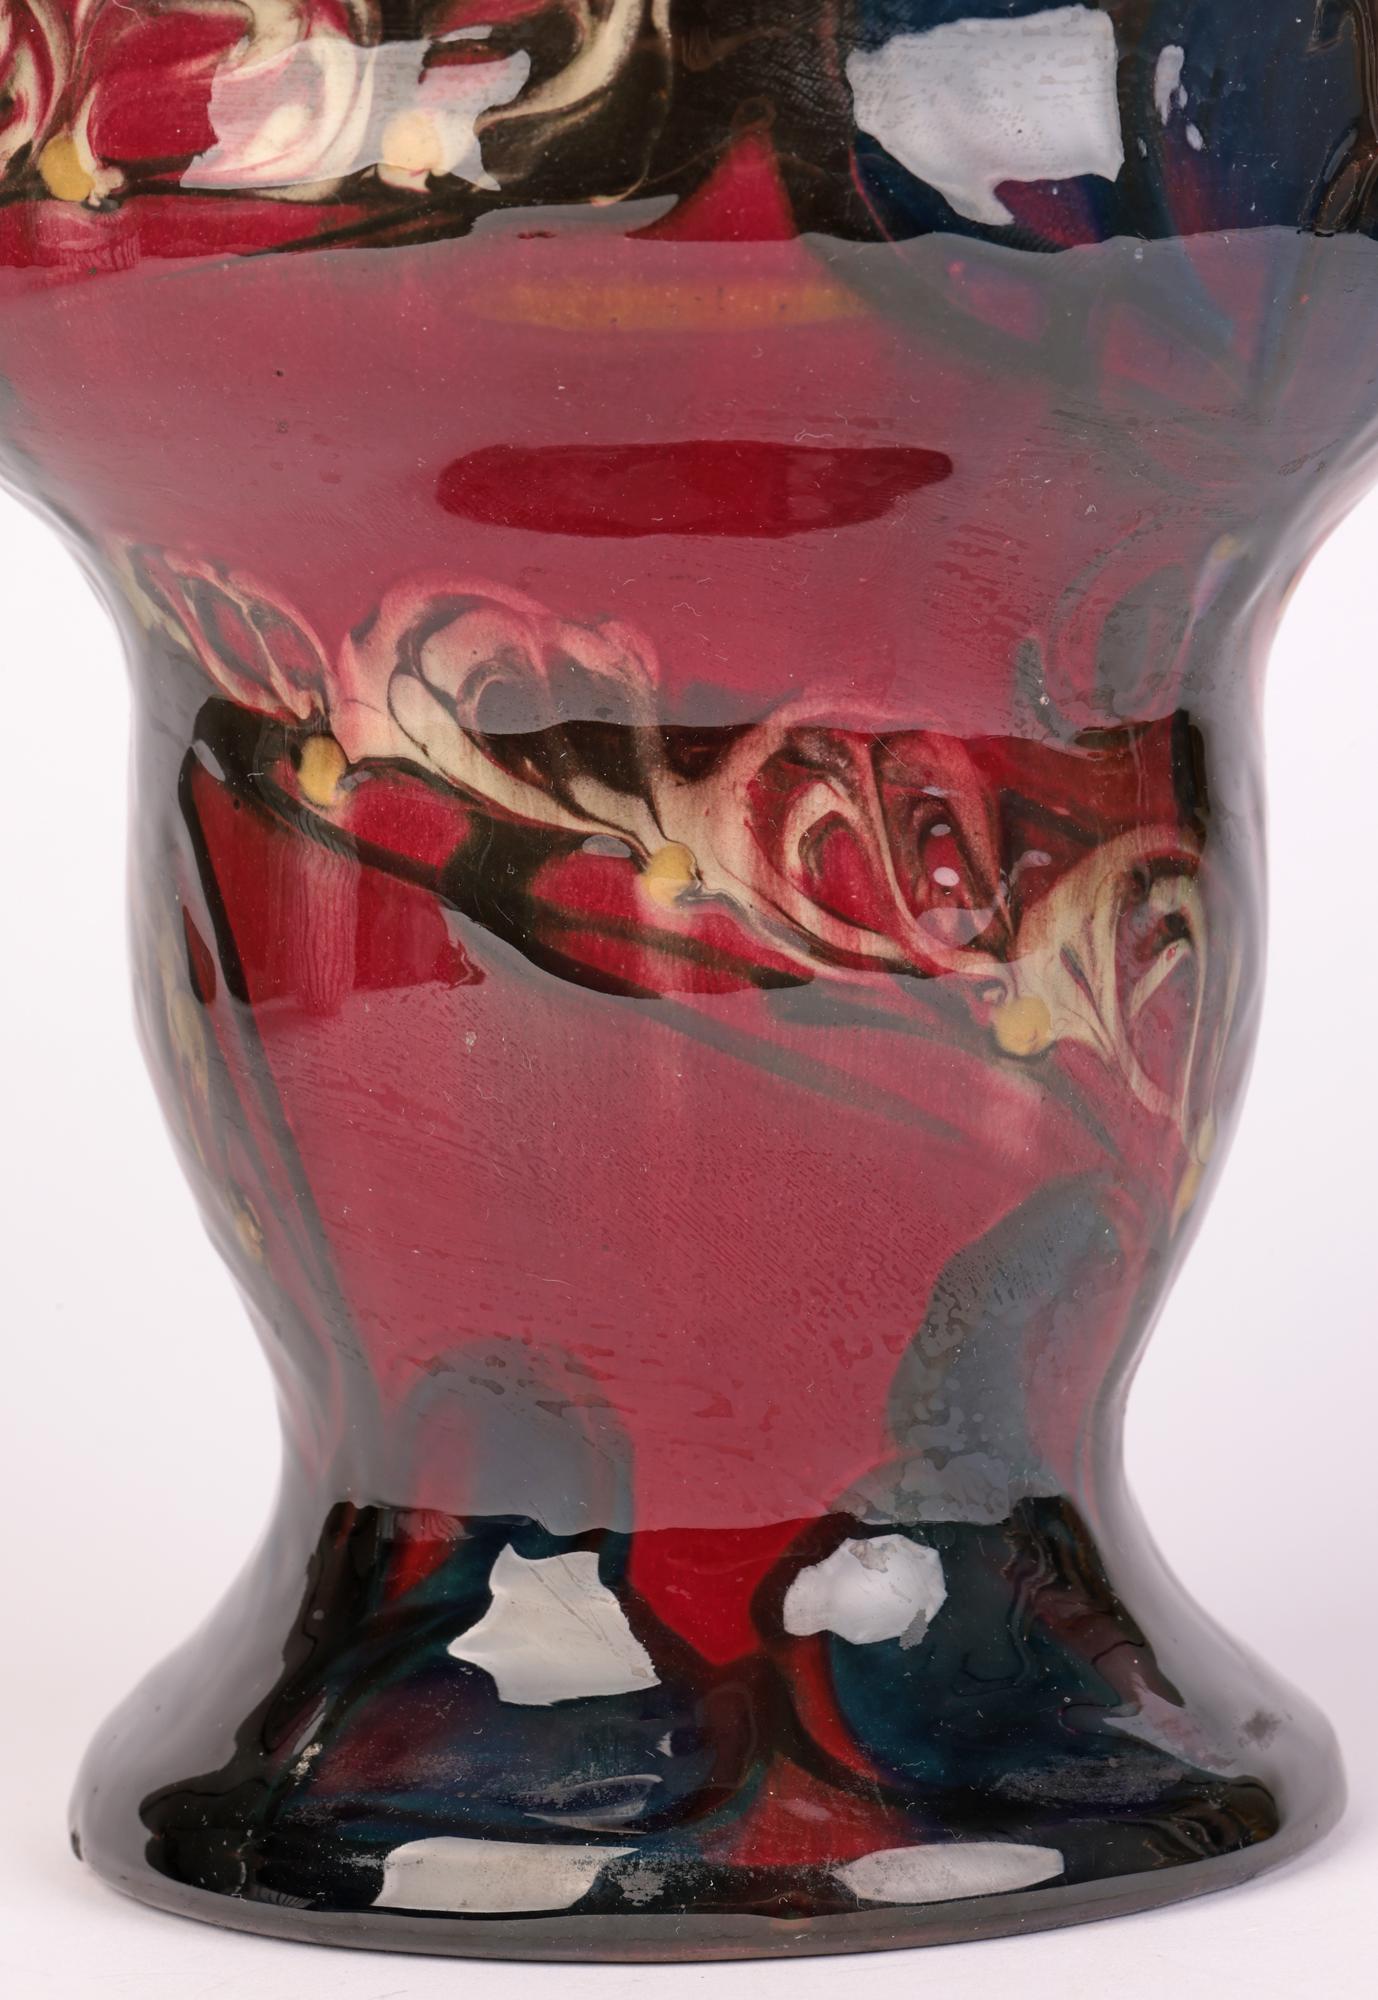 Exceptionnel et rare vase danois Art Nouveau abstrait à décor floral stylisé, réalisé par Eiler Londal pour Danico et datant de 1900 à 1929. On pense qu'il s'agit d'un exemple précoce. Ce vase de forme élégante et inhabituelle repose sur une large
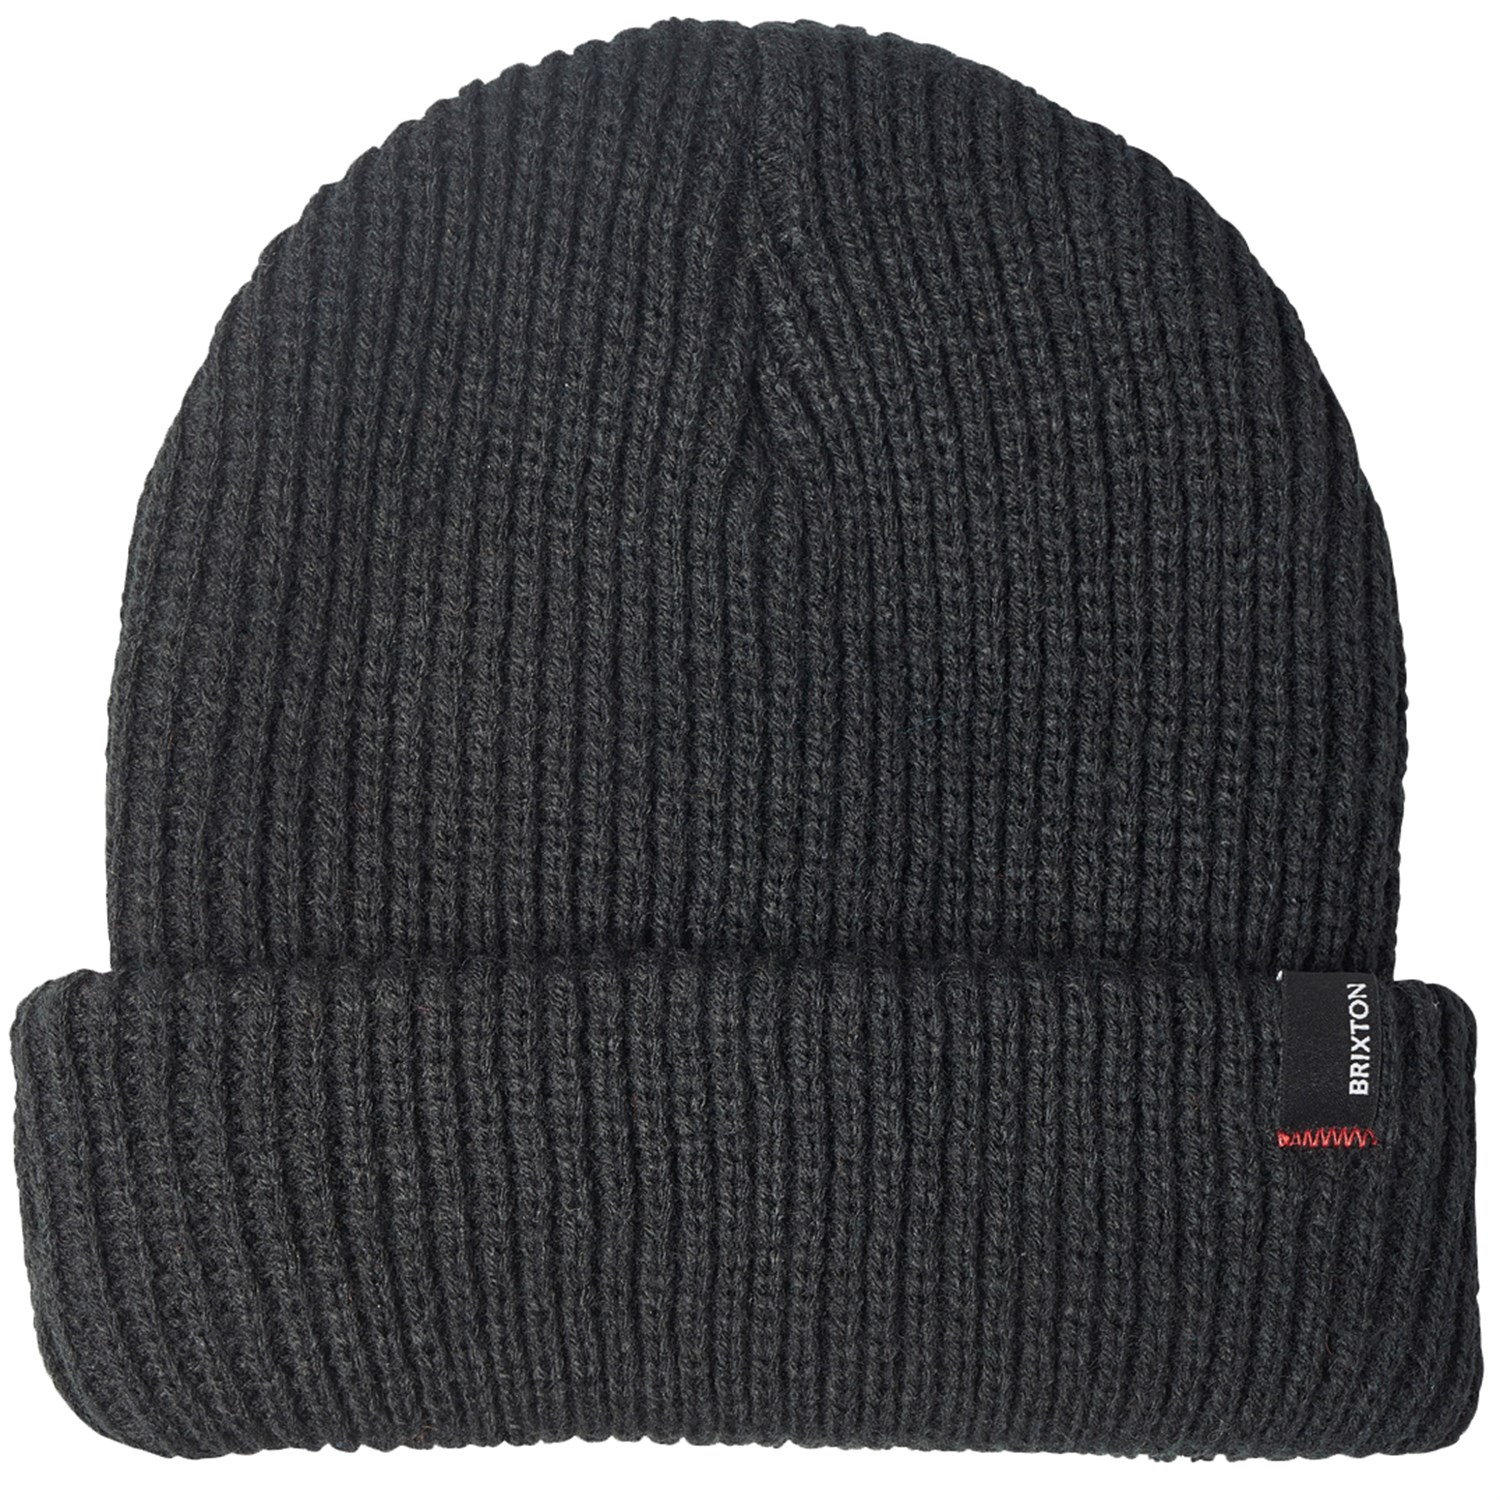 Шапка - Бини Brixton Polar, черный шапка бини шапка бини g shazami черная размер 54 57 черный
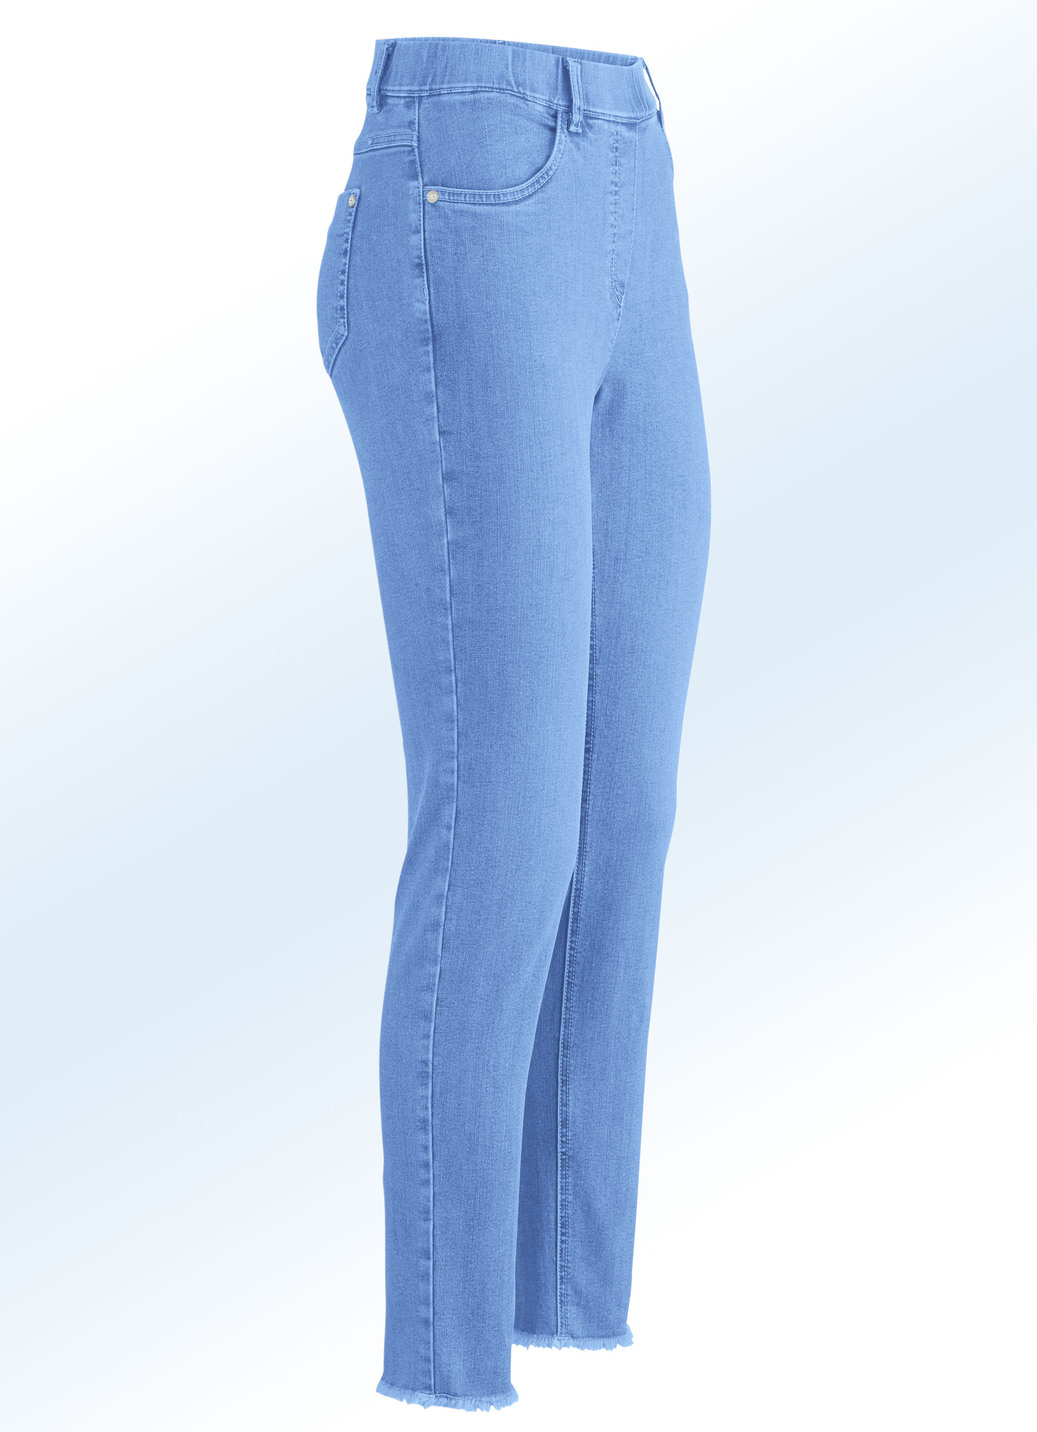 Magic-Jeans mit angesagtem Fransensaum, Azurblau, Größe 44 von ASCARI
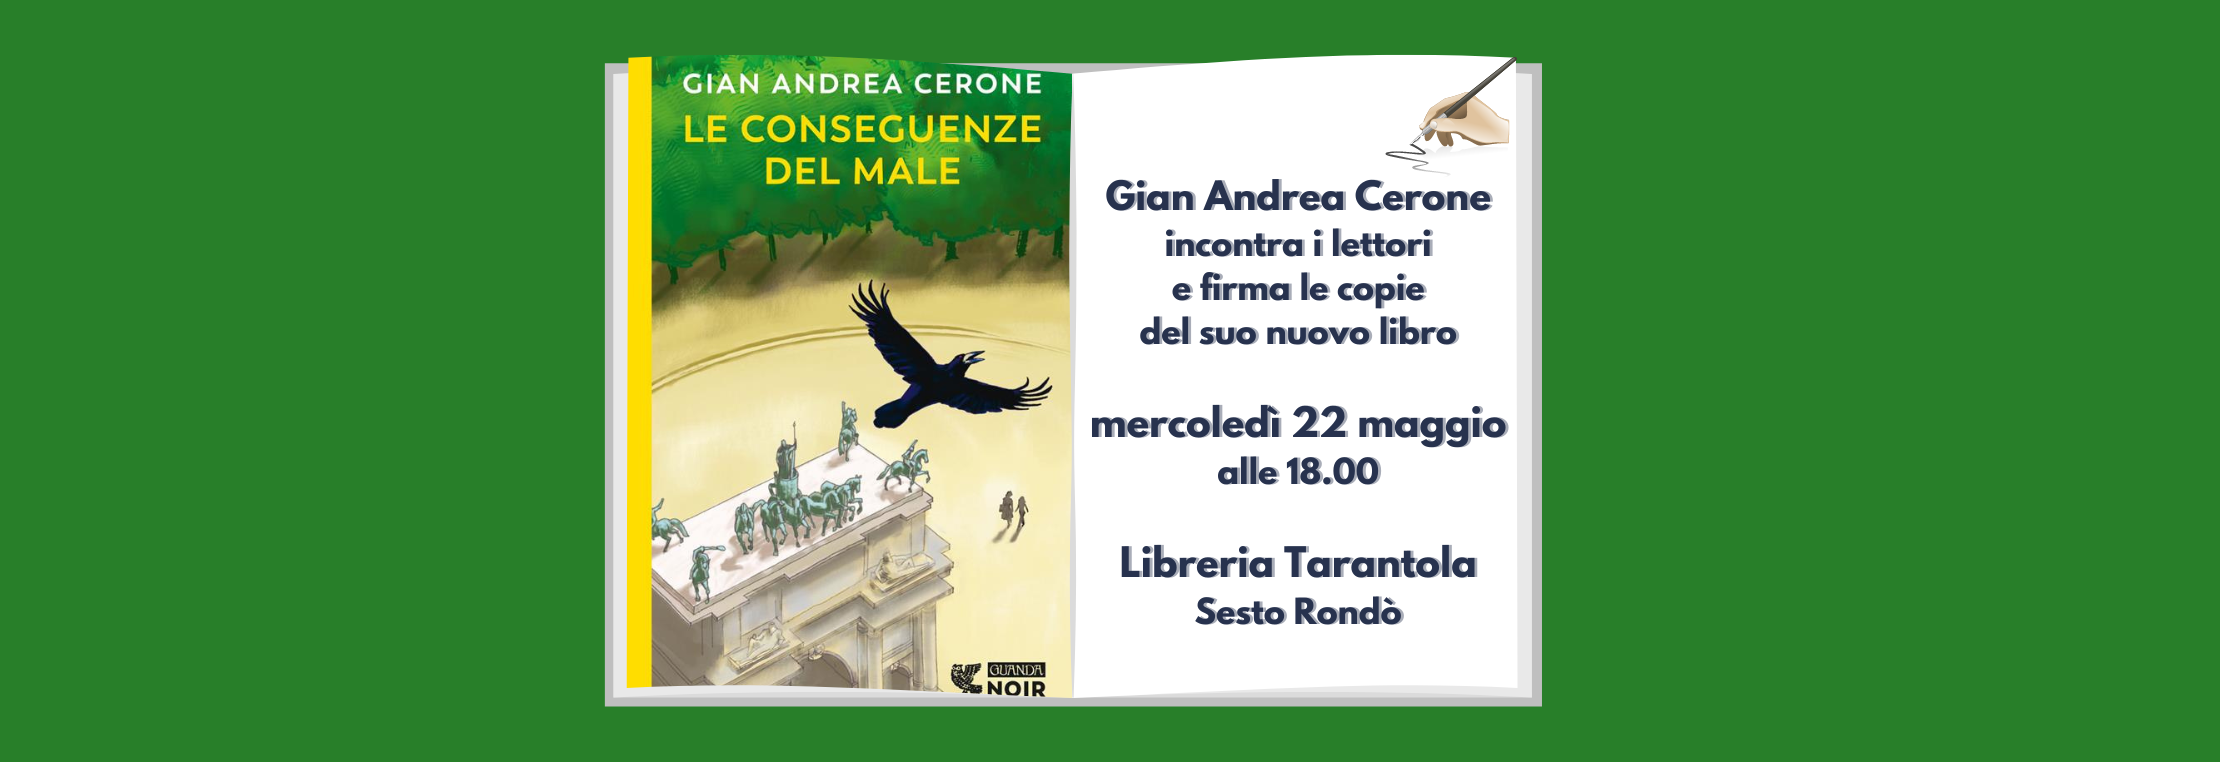 Gian Andrea Cerone incontra i lettori alla libreria Tarantola
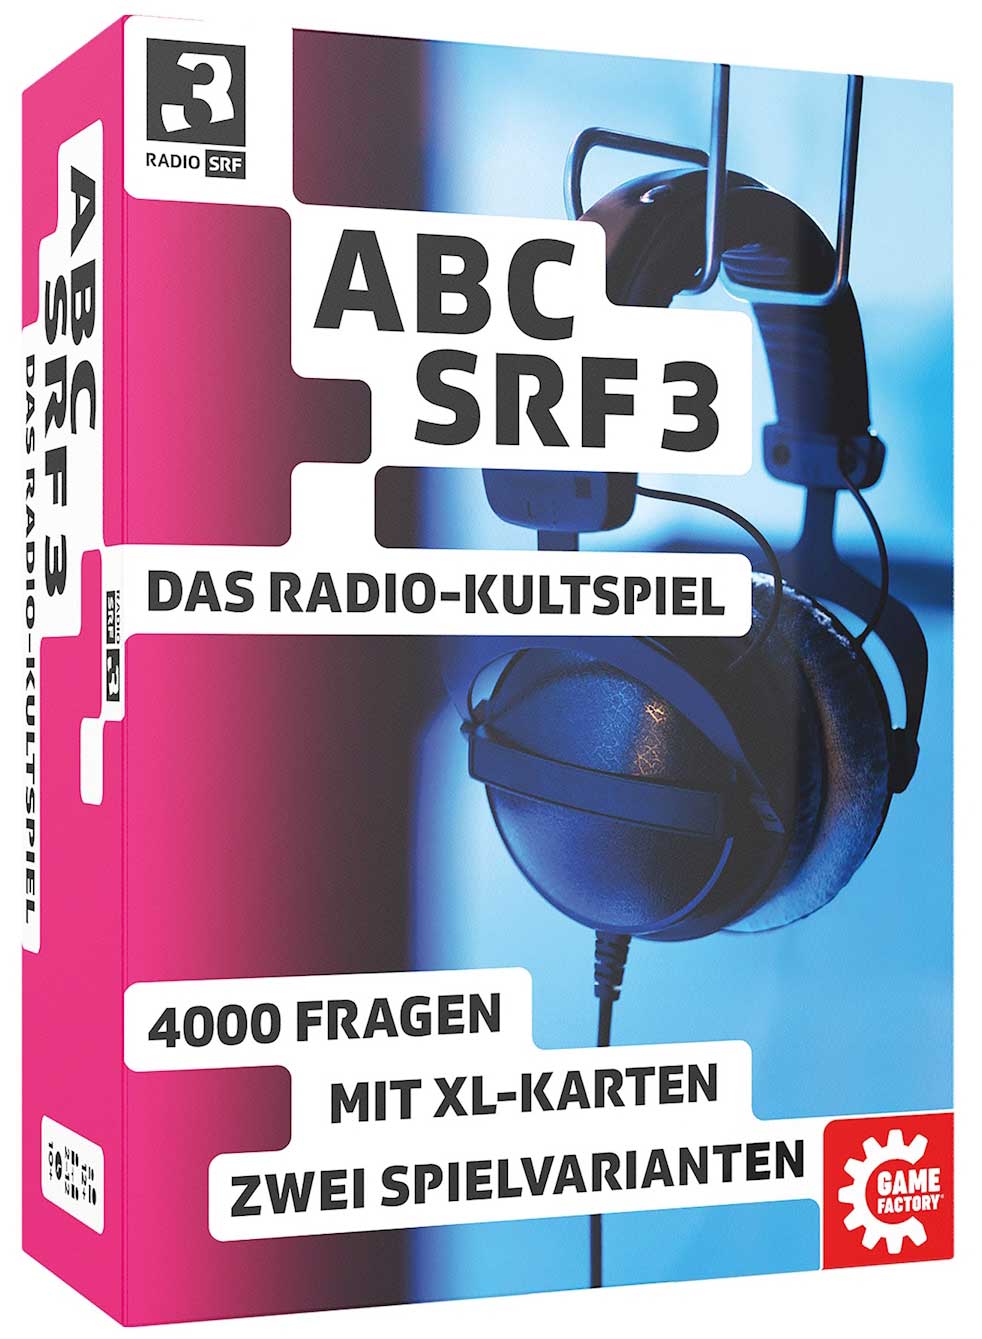 ABC SRF 3 Original
+ + + + + + +
*Exercise details*: Copy the records shown above in their entirety and exactly; images are to be left out.

*Result*:
 Exceptionnel et rare vase danois Art Nouveau abstrait à décor floral stylisé, réalisé par Eiler Londal pour Danico et datant de 1900 à 1929. On pense qu'il s'agit d'un exemple précoce. Ce vase de forme élégante et inhabituelle repose sur une large
 Шапка - Бини Brixton Polar, черный шапка бини шапка бини g shazami черная размер 54 57 черный
 Magic-Jeans mit angesagtem Fransensaum, Azurblau, Größe 44 von ASCARI
 Gian Andrea Cerone incontra i lettori alla libreria Tarantola
 ABC SRF 3 Original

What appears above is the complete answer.